Was bedeutet das für Arbeitgeber im Immobilienwesen?

Drei strategische Prioritäten stechen hervor:

1. Performance erklären – nicht nur berichten

Zahlen brauchen Einordnung.
Wer Strategie, Marktposition und Ziele transparent macht und mit den täglichen Beiträgen der Teams verknüpft, schafft Sinn. Und Sinn schafft Bindung.

2. Führung als Wertschätzungs-System verstehen

Wertschätzung ist kein weicher Faktor. Sie ist ein Retention-Treiber. Führung entscheidet darüber, ob Menschen bleiben oder offen für Angebote sind.

3. Entwicklungspfade neu denken

Neben klassischen Führungslaufbahnen braucht es sichtbare Fachkarrieren, projektbasierte Rollen sowie Entwicklungspfade entlang von ESG, Digitalisierung und Transformation.
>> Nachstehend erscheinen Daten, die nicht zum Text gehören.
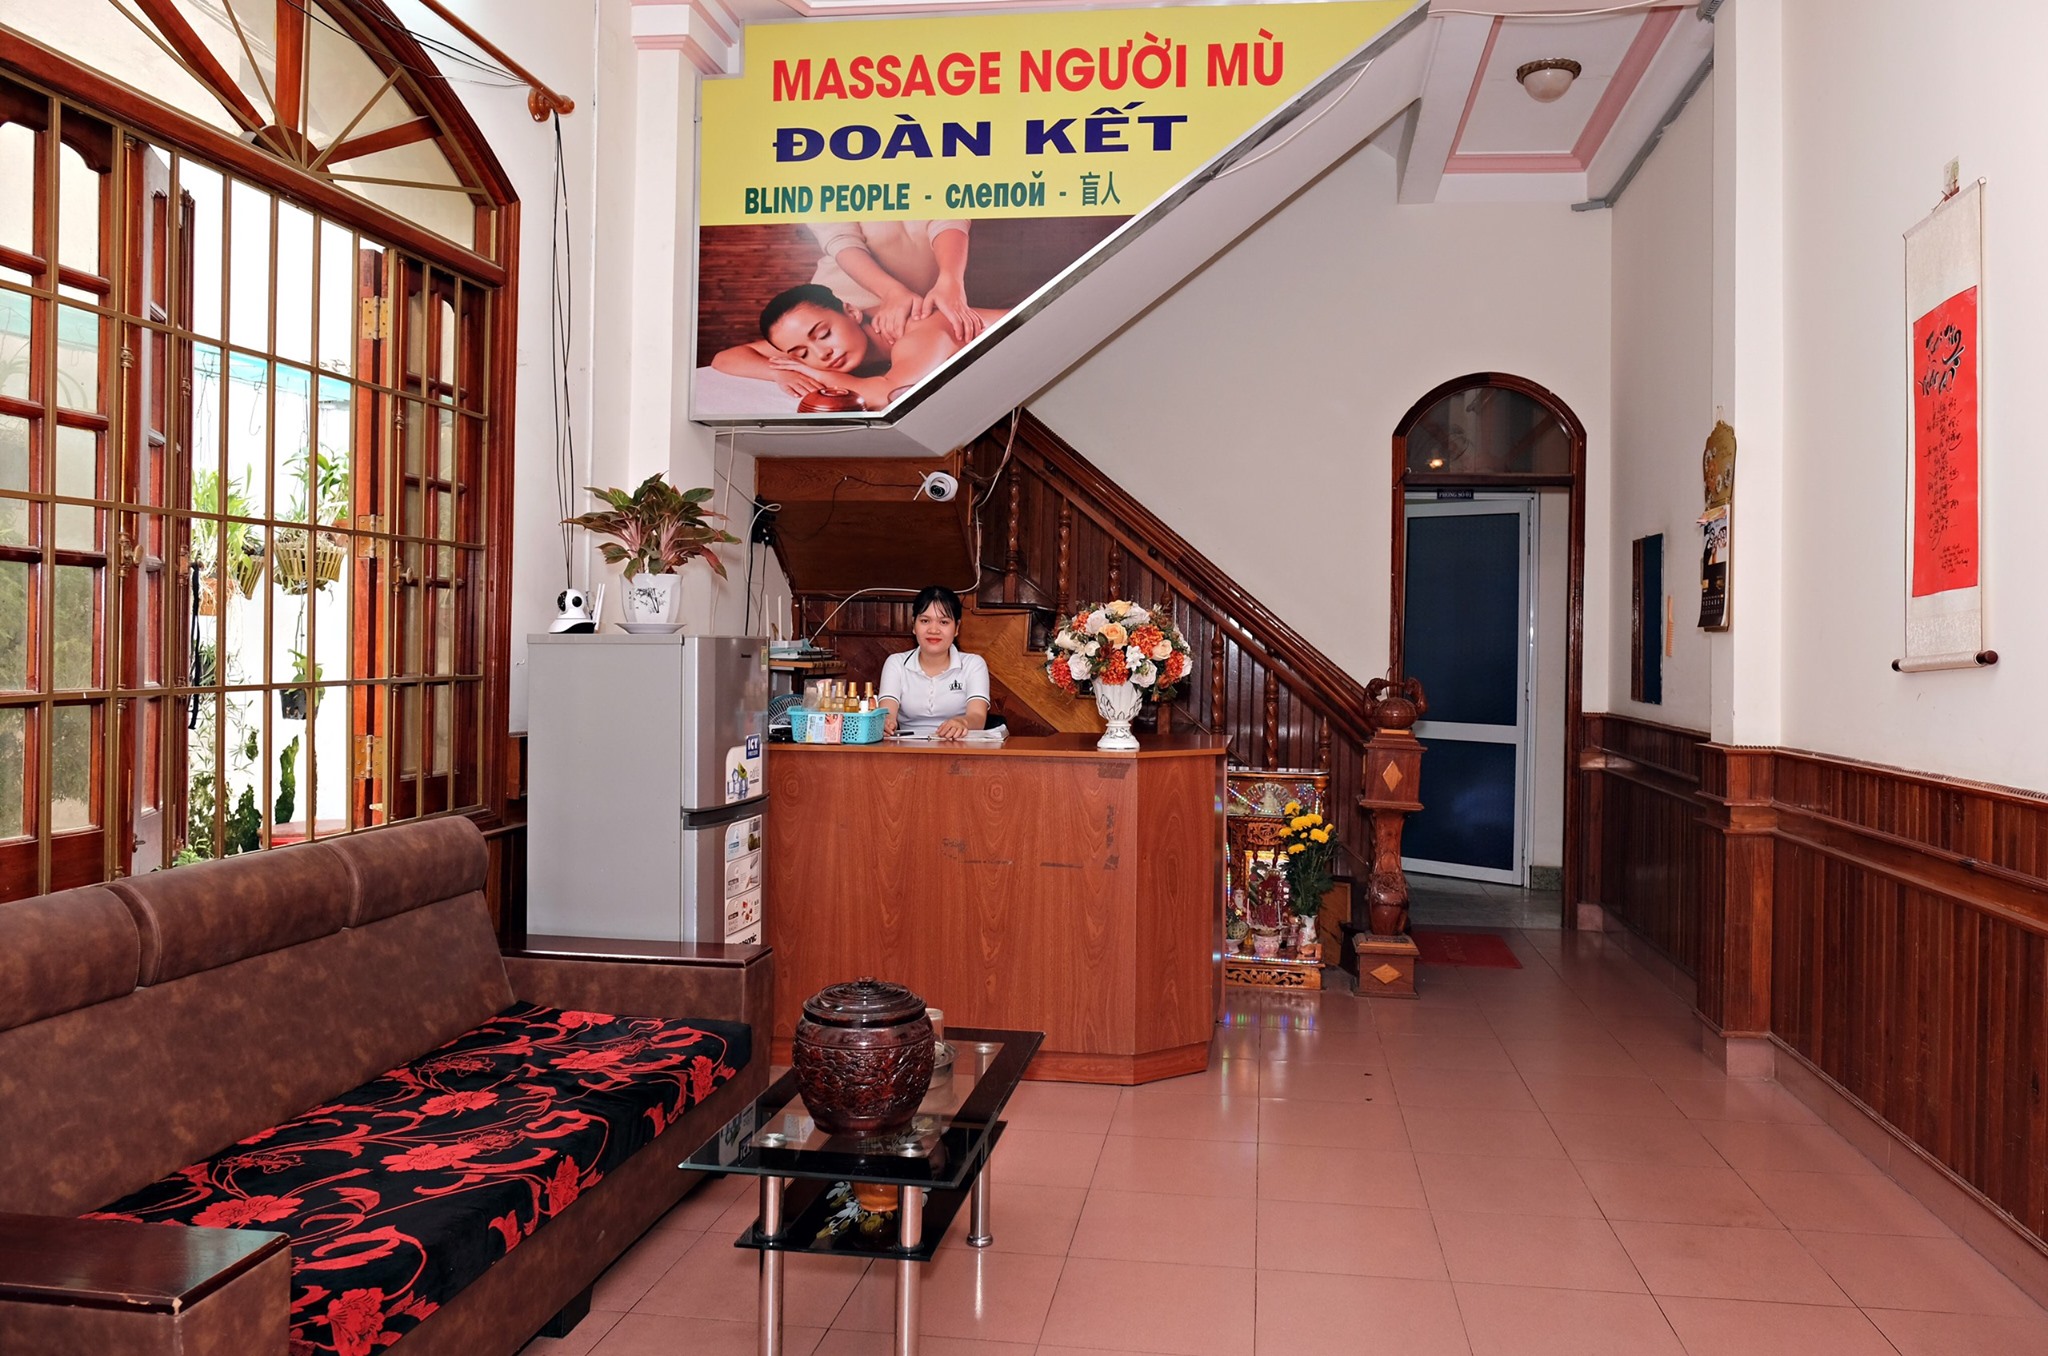 Đoàn Kết - Cơ Sở Massage Người Mù Tại Nha Trang 
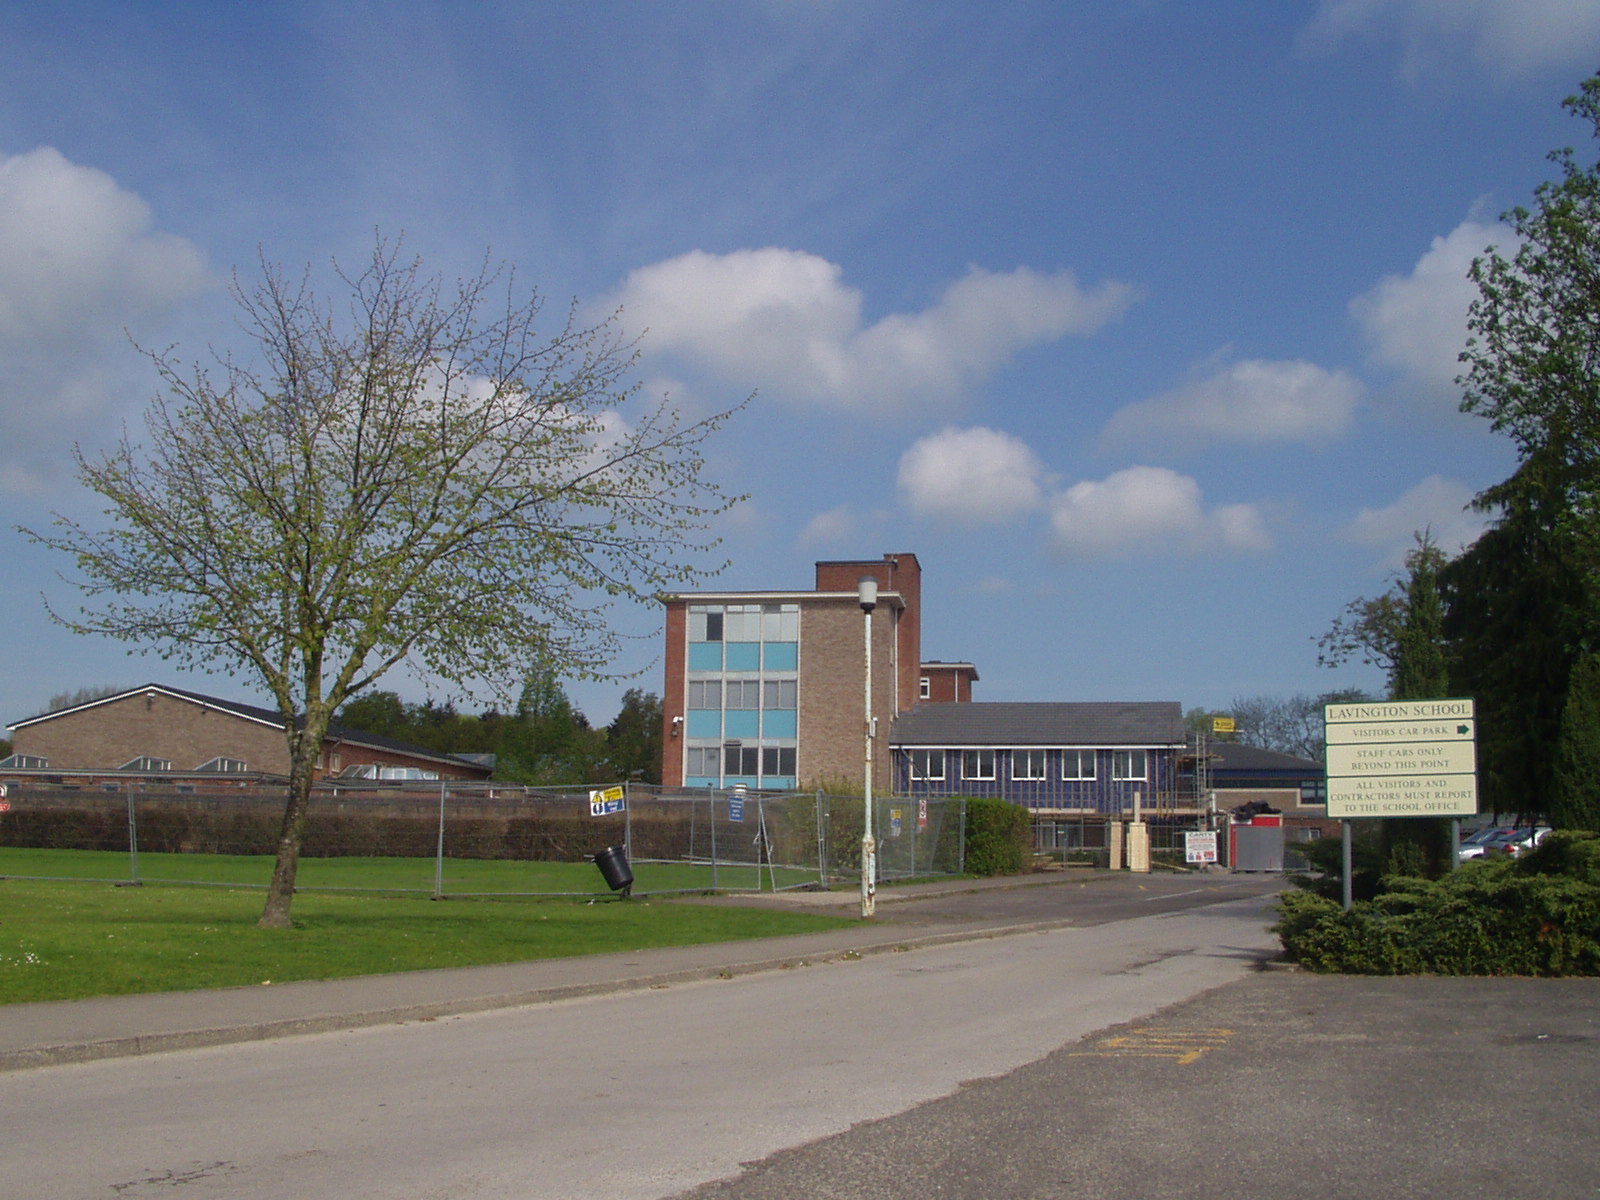 Lavington School

Das Immobilienwesen steht vor strukturellen Veränderungen. Kapital, Regulierung, Technologie und Nachhaltigkeit verschieben die Spielregeln.

Wettbewerbsfähigkeit wird künftig nicht nur über Projekte und Rendite definiert – sondern über Kultur, Führung und Entwicklung.

Wer hier konsequent investiert, verschafft sich einen echten Vorsprung in einem Markt, in dem viele Beschäftigte „solide zufrieden, aber offen für Neues“ sind.

Und genau in dieser Offenheit entscheidet sich die Zukunftsfähigkeit der Branche.